- [Data excerpts]
^^^^^^^^^^^^^^^^

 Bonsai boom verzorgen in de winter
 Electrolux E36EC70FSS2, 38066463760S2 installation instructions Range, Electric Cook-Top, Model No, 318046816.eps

^^^^^^^^^^^^^^^^

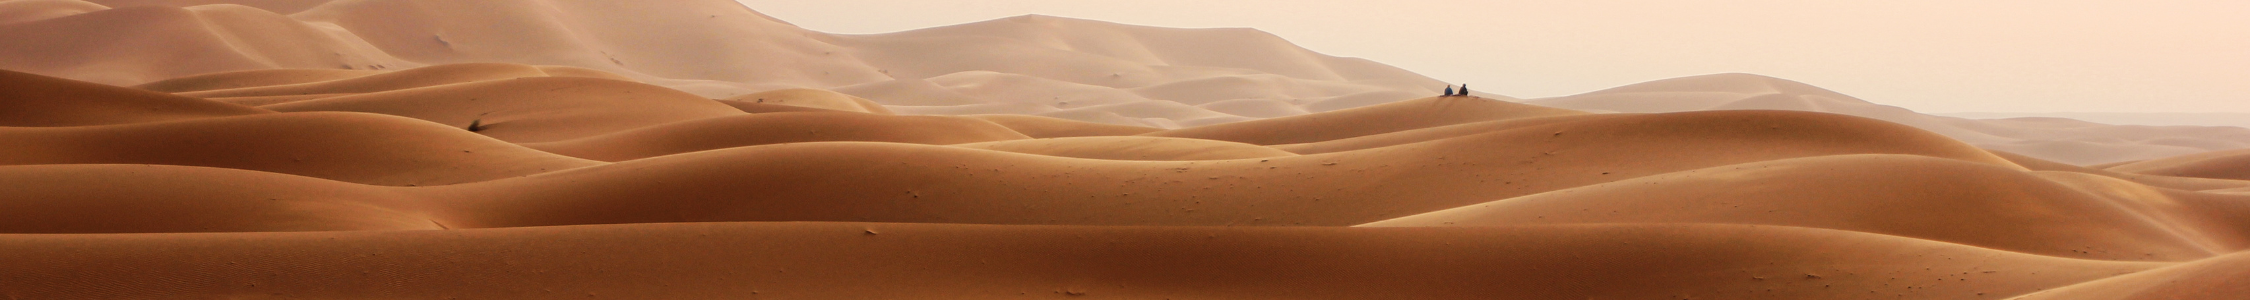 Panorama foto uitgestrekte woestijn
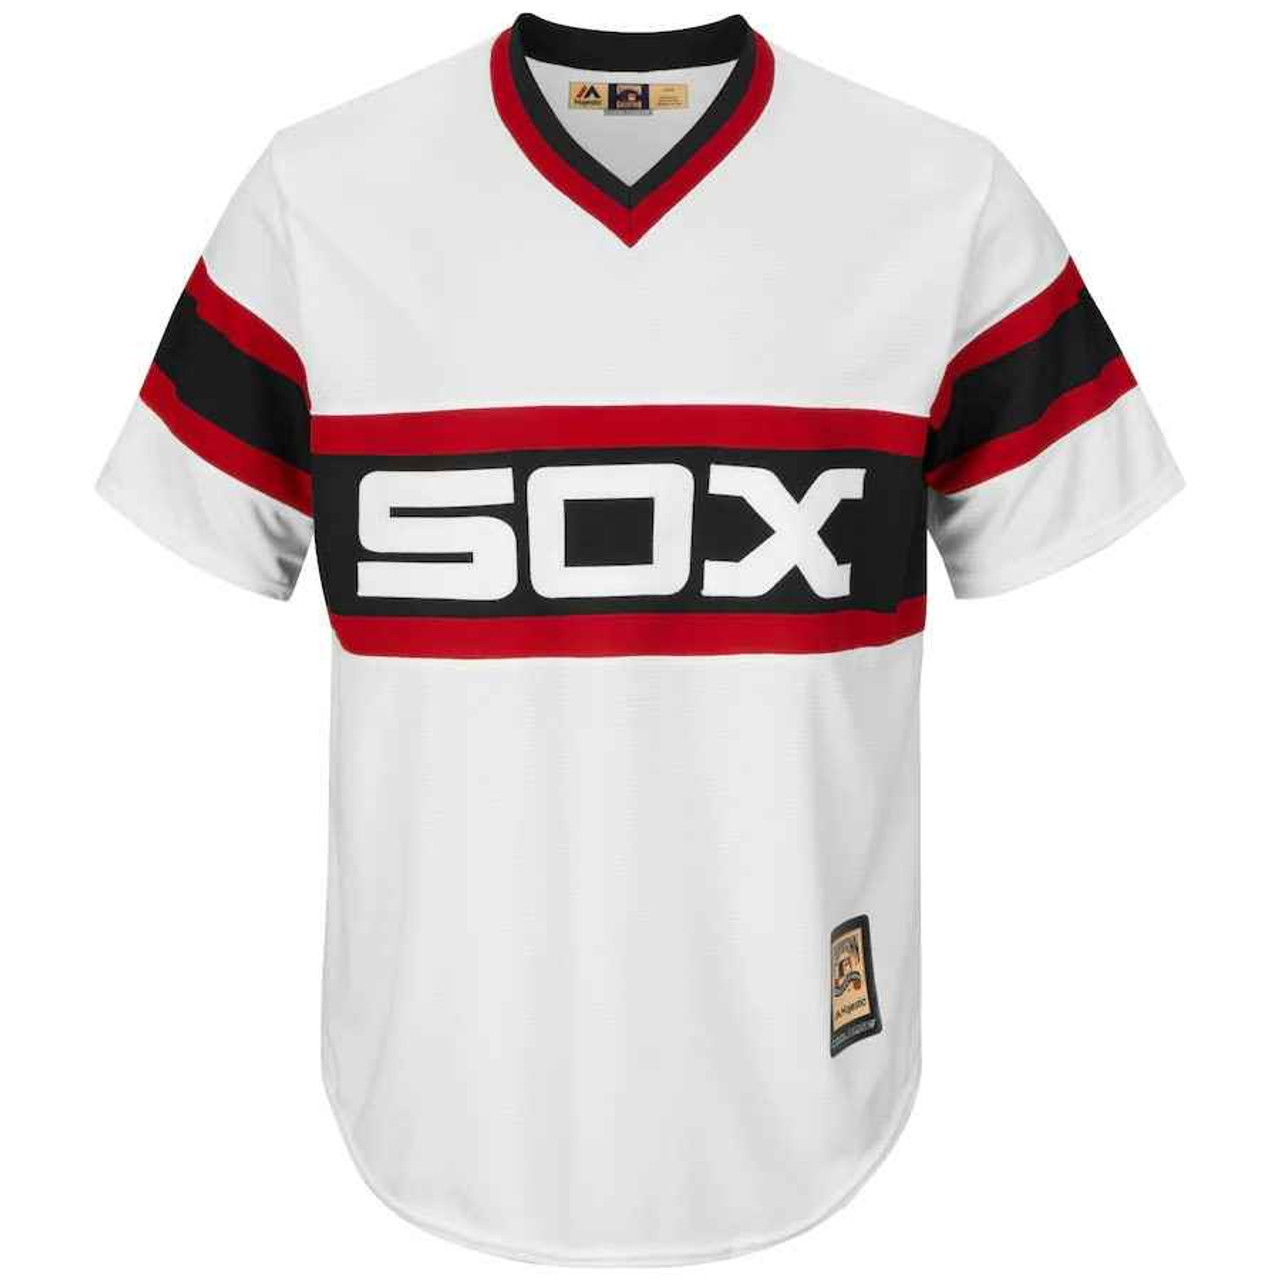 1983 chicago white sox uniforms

^^^^^^^^^^^^^^^^

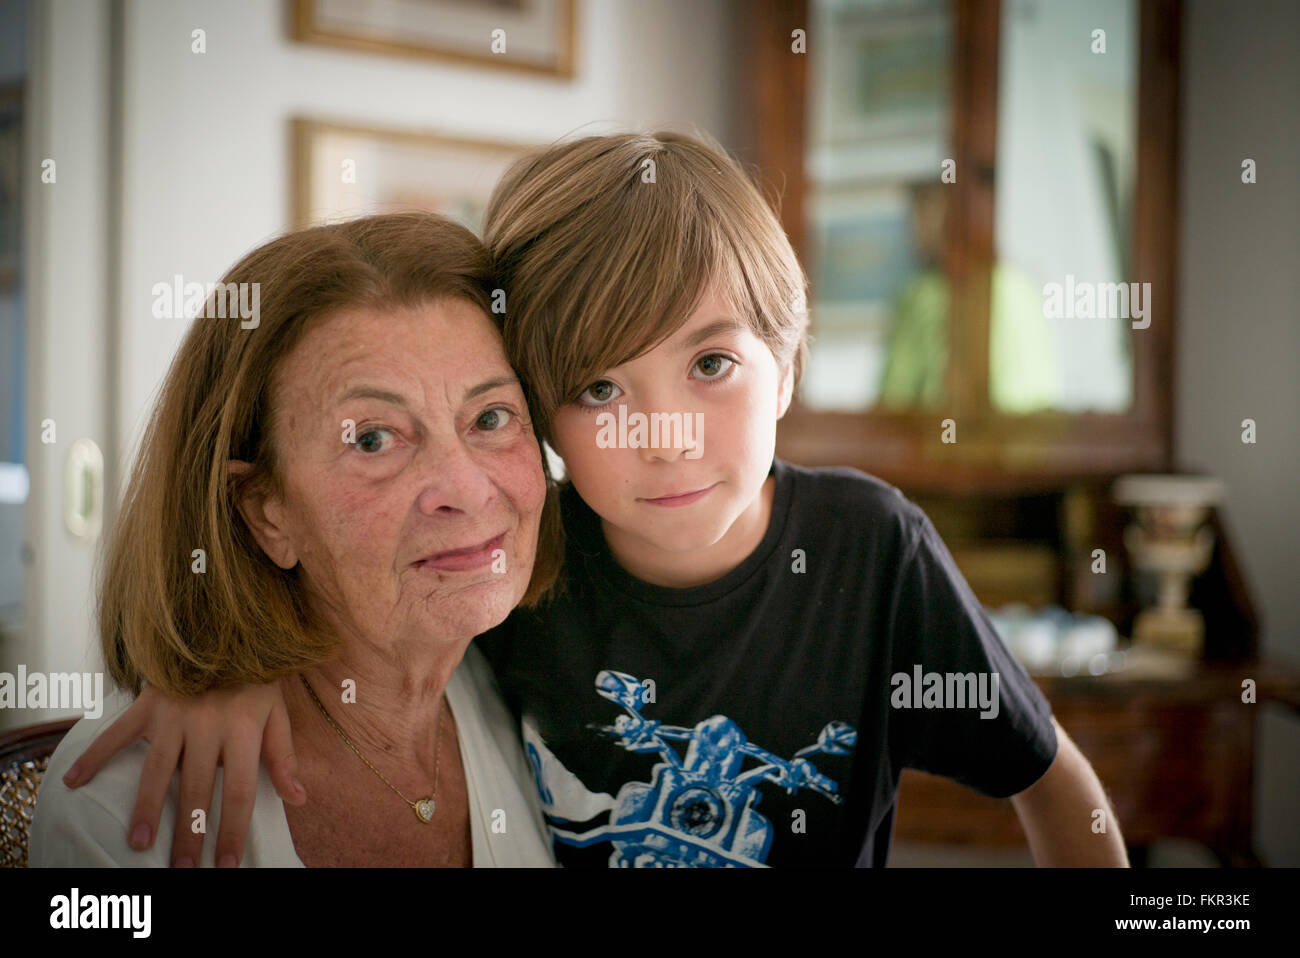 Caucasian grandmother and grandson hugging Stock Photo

^^^^^^^^^^^^^^^^

- [Task item] Above are the records; copy from them only the lines starting at the one containing "Panorama foto uitgestrekte woestijn" and ending at the one containing "1983 chicago white sox uniforms", exactly and without pictures.

- [Answer space]
 Panorama foto uitgestrekte woestijn
 1983 chicago white sox uniforms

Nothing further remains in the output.